I am about to purchase a new wallet. What have you found useful or what recommendations do you have?


----------



## CrackbottomLouis (May 20, 2012)

Money to keep in it. Just to be a smart a$$.

Really I dont know what you asking. A prepper wallet suggestion? I guess you could make one out of 550 cord or something . What to keep in it? A razor blade, identifying info, extra cash for emergencies, handcuff key, p38 can opener, wallet sized hard copies of pornographic images in case your smart phone dies, etc. A nice wallet suggestion? Buy something cheap and spend extra money on preps.


----------



## Justaguy987 (Mar 2, 2013)

I thought I was being stupid when I put a p38 in my wallet......until I pulled it out and used it!


----------



## CulexPipiens (Nov 17, 2010)

Depends on how you carry it, what you put in it, etc.

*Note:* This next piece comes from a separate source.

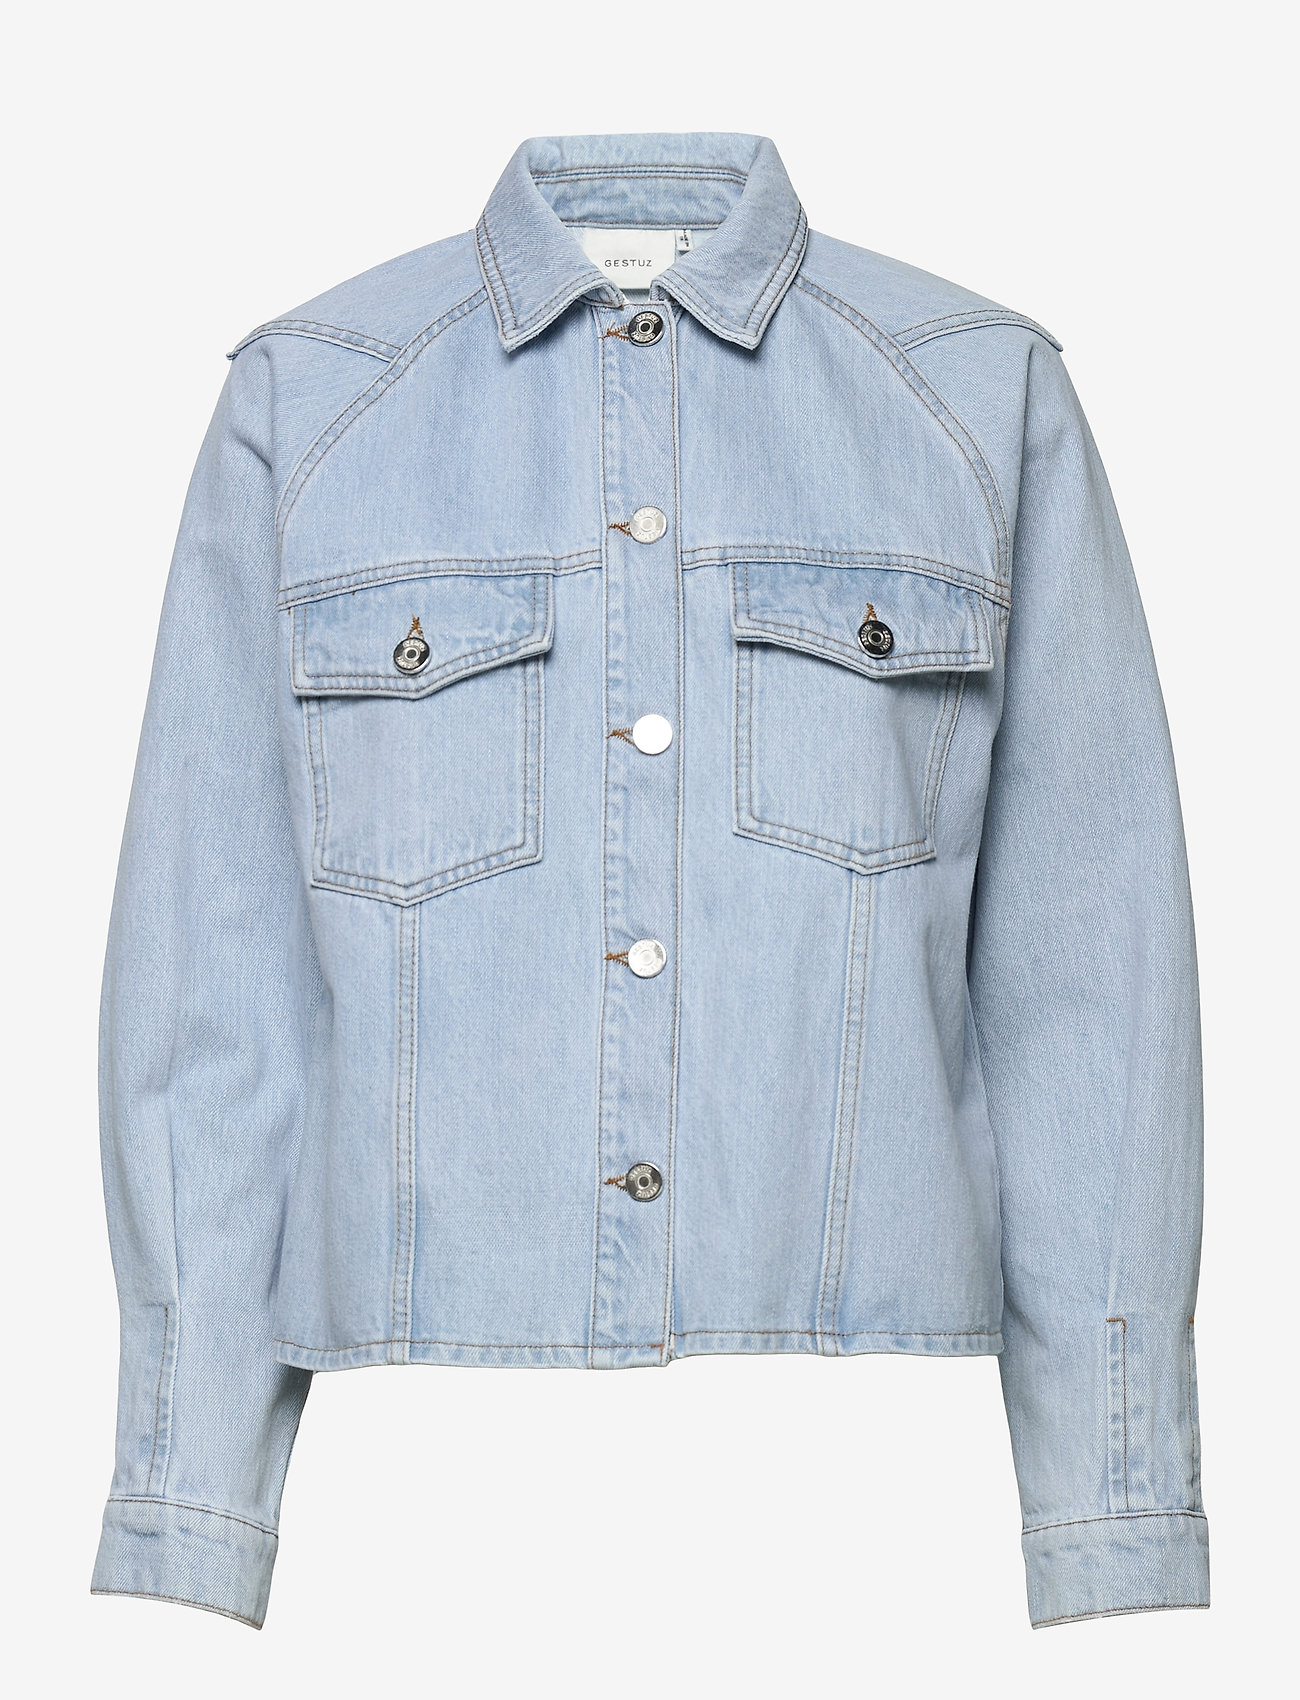 Gestuz - DacyGZ shirt - tøj - light blue vintage - 1

I've had wallets for decades now that I've carried rear pocket. To be blunt, I got tired of lump under my a$$. An internet friend of my wife is a custom leather worker and I contacted her and discussed a front pocket style that is just big enough for a half dozen cards (ID, gun card, insurance, credit, etc.) on one side and bills folded in half on the other side. She made it to my specs and I've been carrying it now for 4+ years and it still looks new... although feels very well broken in. Fantastic craftsmanship. Unfortunately she's put her leather working business on hold for awhile and isn't doing custom work at this time either (or I'd be putting in a promo for her here). I think I remember paying about $55 including shipping for it. Worth every penny.

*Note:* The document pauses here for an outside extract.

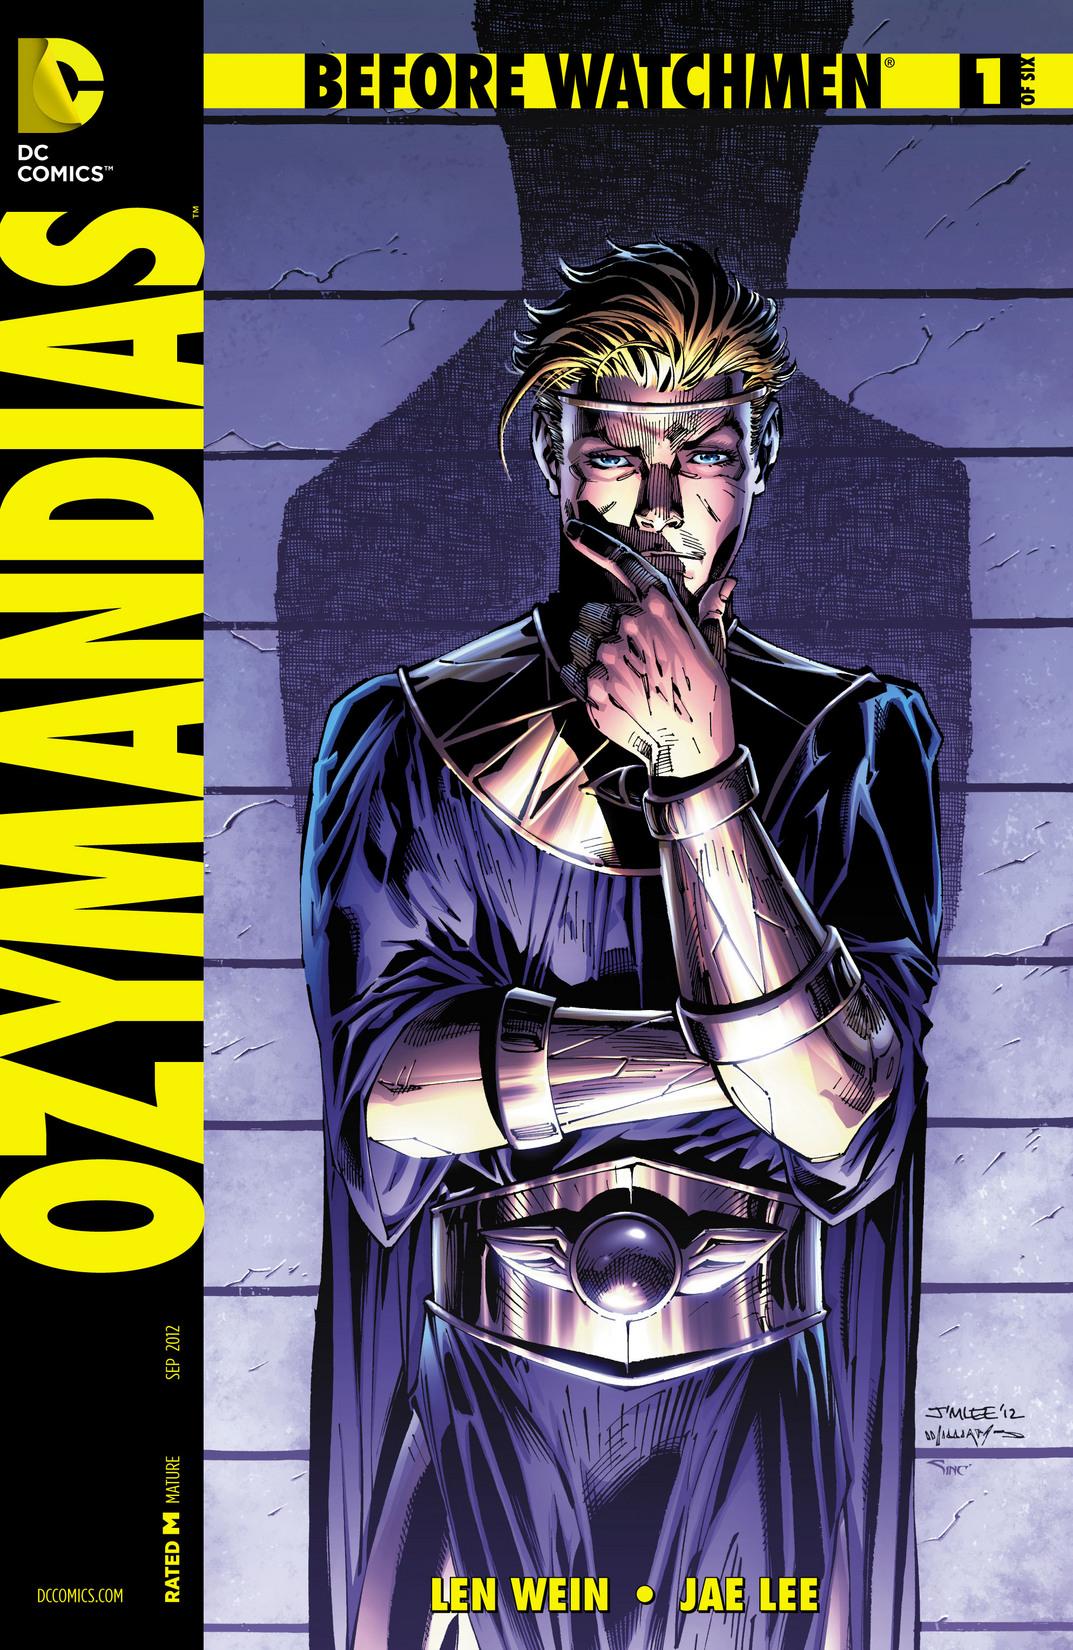 Image Before Watchmen Ozymandias Vol 1 1 Variant B Jpg

So, figure out where you're carrying it. (Rear, Front, Jacket, etc.)

What is going to be kept in it... If you normally carry $500 in 20's or $40 in 20's that a substantially different amount of content. Plan on a little more than expected (you know for when we all have to carry the national ID card... ).

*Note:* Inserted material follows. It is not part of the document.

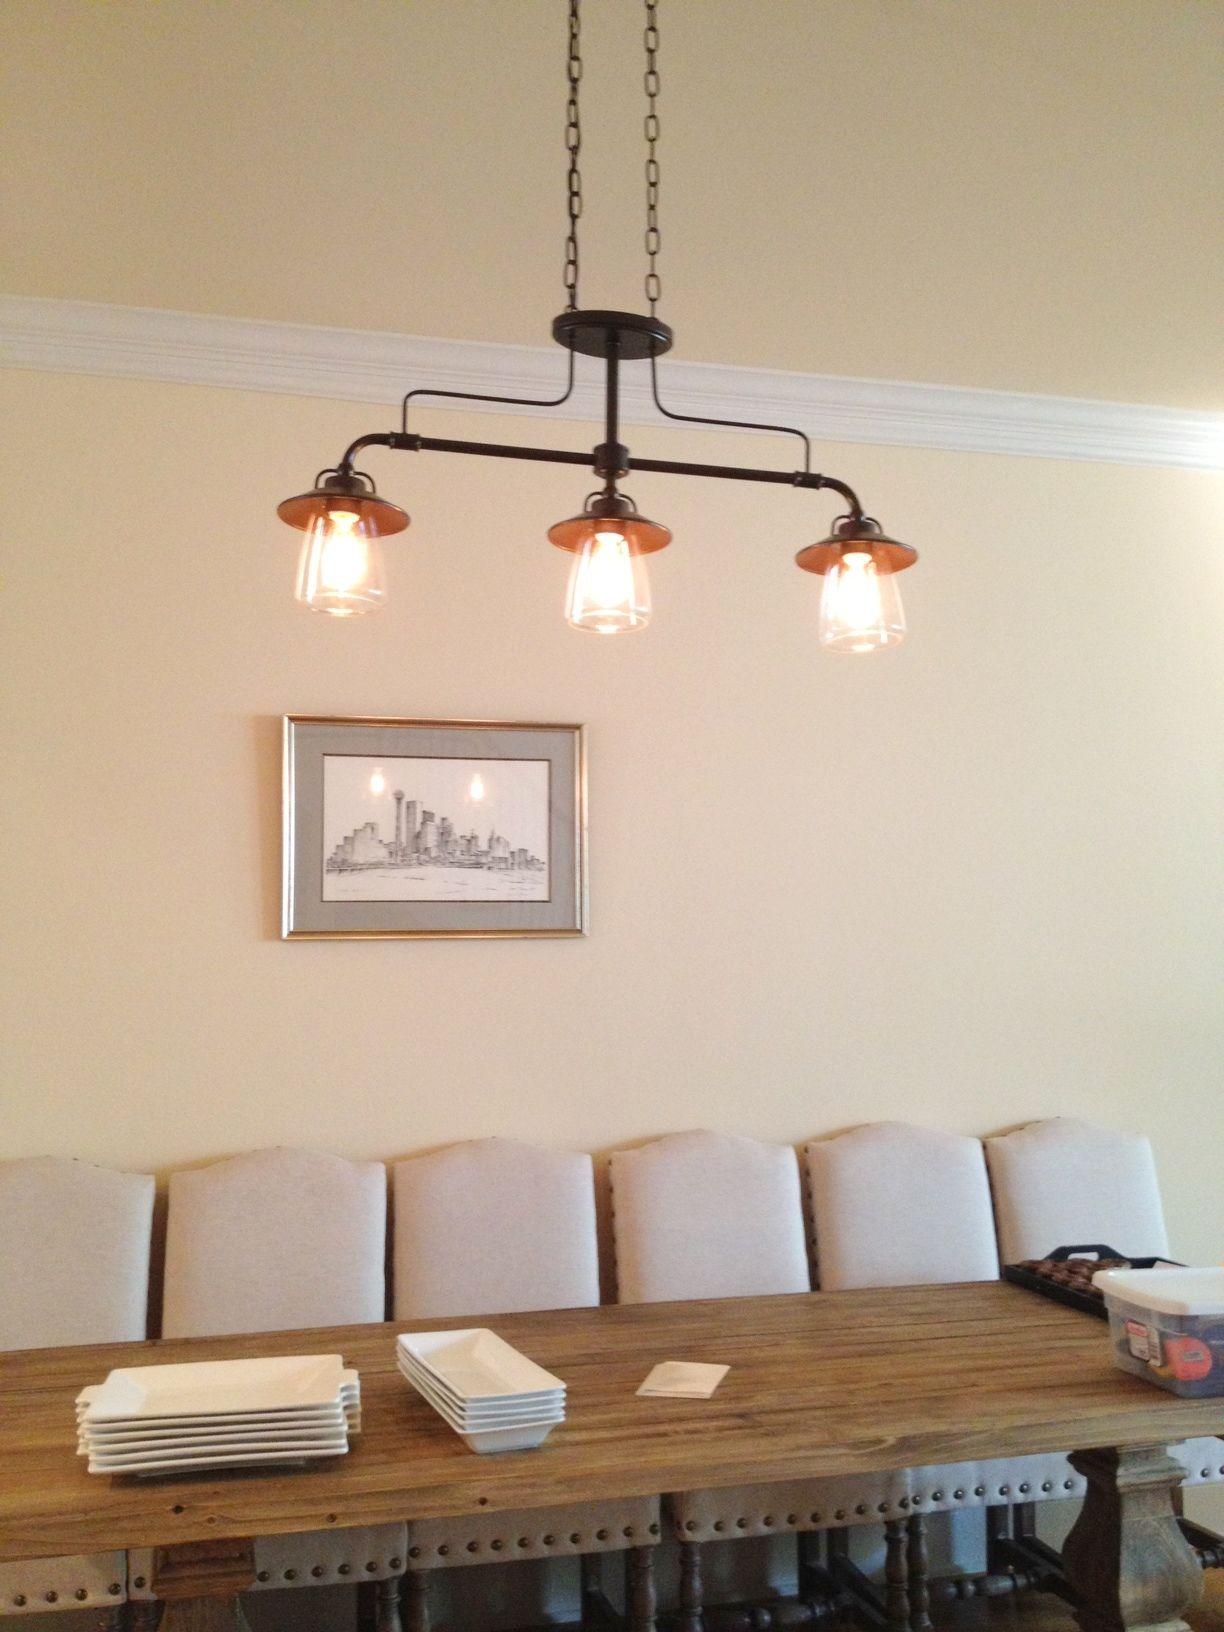 17 Best images about Edison light bulb fixtures on Pinterest | Glow, Island  pendants and Pendants

Once you have that in mind either look around for one that fits or consider getting it custom made.


----------



## HardCider (Dec 13, 2013)

Make sure it's not camoflaged


----------



## labotomi (Feb 14, 2010)

CulexPipiens said:


> I've had wallets for decades now that I've carried rear pocket. To be blunt, I got tired of lump under my a$$.


I had the same issues and ended up buying one of those "magic flip wallets" (that's the only name I know). It has 3 slots for cards/IDs on each side and elastic straps to hold money or whatever down on both inside surfaces.


----------



## GrinnanBarrett (Aug 31, 2012)

Buy one you can stow in your front pocket. This is for several reasons. One it helps you back not having something on your hip as you sit. Secondly it is very difficult for pickpockets to take a wallet out of your front pocket without you being felt up. You may also want to consider a wallet with a liner that keeps your credit cards from being scanned by someone. Big thing is be comfortable. GB


----------



## Sentry18 (Aug 5, 2012)

I use a Mexpedition Spartan. First because it's a really good wallet. Second because it came free with a bag I purchased. I've been carrying it for about two years and it still looks like new.

http://www.maxpedition.com/store/pc/SPARTAN-WALLET-p464.htm


----------